▶ [Task description]: Your task is to copy each line of the material that includes "Alternate".

▶ [Task data]:

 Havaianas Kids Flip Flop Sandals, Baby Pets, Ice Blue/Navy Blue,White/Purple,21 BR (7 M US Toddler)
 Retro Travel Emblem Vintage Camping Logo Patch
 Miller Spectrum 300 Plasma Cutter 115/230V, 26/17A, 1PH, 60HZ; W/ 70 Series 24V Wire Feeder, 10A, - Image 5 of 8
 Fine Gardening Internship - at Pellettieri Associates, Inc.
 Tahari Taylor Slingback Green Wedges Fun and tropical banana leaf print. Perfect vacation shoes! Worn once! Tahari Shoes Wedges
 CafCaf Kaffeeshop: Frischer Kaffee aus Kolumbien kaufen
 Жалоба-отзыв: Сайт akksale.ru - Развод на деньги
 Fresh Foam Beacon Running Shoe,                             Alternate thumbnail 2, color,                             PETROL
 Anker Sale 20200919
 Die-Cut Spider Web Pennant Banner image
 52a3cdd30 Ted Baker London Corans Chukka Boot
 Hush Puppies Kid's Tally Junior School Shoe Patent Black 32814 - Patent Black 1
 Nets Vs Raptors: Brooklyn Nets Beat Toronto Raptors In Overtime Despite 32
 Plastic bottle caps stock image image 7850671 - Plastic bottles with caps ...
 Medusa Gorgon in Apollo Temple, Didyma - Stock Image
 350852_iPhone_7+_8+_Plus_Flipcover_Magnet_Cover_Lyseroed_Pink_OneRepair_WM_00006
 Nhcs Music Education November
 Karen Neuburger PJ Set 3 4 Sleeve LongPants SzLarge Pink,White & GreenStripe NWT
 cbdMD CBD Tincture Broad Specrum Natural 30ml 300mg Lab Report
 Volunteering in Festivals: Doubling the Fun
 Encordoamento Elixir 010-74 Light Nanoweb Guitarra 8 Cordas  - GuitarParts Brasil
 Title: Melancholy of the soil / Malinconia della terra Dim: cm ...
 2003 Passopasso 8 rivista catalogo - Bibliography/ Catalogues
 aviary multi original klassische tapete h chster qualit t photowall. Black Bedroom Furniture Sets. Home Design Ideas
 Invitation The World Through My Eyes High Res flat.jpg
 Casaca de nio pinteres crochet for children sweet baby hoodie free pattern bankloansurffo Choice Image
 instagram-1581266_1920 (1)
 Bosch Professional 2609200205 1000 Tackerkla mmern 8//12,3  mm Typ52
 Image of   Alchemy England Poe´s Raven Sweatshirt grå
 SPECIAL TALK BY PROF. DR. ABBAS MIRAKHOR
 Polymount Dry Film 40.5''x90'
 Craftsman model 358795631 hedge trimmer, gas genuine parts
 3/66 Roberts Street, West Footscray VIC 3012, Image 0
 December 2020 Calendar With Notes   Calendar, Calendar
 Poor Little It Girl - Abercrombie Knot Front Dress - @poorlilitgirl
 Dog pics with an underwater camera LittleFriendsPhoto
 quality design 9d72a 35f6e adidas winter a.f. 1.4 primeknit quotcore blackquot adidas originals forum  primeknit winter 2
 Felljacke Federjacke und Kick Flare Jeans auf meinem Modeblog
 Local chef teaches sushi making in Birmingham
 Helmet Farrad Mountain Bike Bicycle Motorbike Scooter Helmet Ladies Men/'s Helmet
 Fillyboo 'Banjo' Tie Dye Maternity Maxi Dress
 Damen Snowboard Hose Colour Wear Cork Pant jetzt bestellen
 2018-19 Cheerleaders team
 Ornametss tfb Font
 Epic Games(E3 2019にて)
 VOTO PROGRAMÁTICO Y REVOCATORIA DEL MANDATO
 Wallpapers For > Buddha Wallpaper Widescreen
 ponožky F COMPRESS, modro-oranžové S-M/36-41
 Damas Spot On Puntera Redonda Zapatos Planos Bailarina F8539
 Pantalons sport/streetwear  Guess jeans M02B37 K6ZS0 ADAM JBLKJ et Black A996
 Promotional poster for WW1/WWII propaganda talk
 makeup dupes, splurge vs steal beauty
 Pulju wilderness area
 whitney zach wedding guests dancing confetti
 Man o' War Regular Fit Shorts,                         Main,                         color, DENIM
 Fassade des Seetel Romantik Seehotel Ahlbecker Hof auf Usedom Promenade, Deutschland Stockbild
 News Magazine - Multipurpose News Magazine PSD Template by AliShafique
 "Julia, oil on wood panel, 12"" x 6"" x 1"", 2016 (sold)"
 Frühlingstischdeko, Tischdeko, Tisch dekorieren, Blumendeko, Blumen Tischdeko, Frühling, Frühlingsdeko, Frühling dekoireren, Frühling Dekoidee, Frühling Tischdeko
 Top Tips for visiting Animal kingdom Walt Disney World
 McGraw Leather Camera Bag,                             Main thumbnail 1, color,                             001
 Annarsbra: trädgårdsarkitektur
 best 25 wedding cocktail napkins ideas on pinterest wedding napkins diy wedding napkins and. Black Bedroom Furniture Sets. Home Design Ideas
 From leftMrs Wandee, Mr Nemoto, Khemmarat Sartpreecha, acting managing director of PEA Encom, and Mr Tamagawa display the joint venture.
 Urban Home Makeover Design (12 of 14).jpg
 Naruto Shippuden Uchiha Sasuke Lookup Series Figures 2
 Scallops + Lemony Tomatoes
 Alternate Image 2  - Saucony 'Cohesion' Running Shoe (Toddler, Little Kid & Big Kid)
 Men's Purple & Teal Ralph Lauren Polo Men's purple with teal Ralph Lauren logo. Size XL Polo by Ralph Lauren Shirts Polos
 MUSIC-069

▶ [Output for this exercise]:
 Fresh Foam Beacon Running Shoe,                             Alternate thumbnail 2, color,                             PETROL
 Alternate Image 2  - Saucony 'Cohesion' Running Shoe (Toddler, Little Kid & Big Kid)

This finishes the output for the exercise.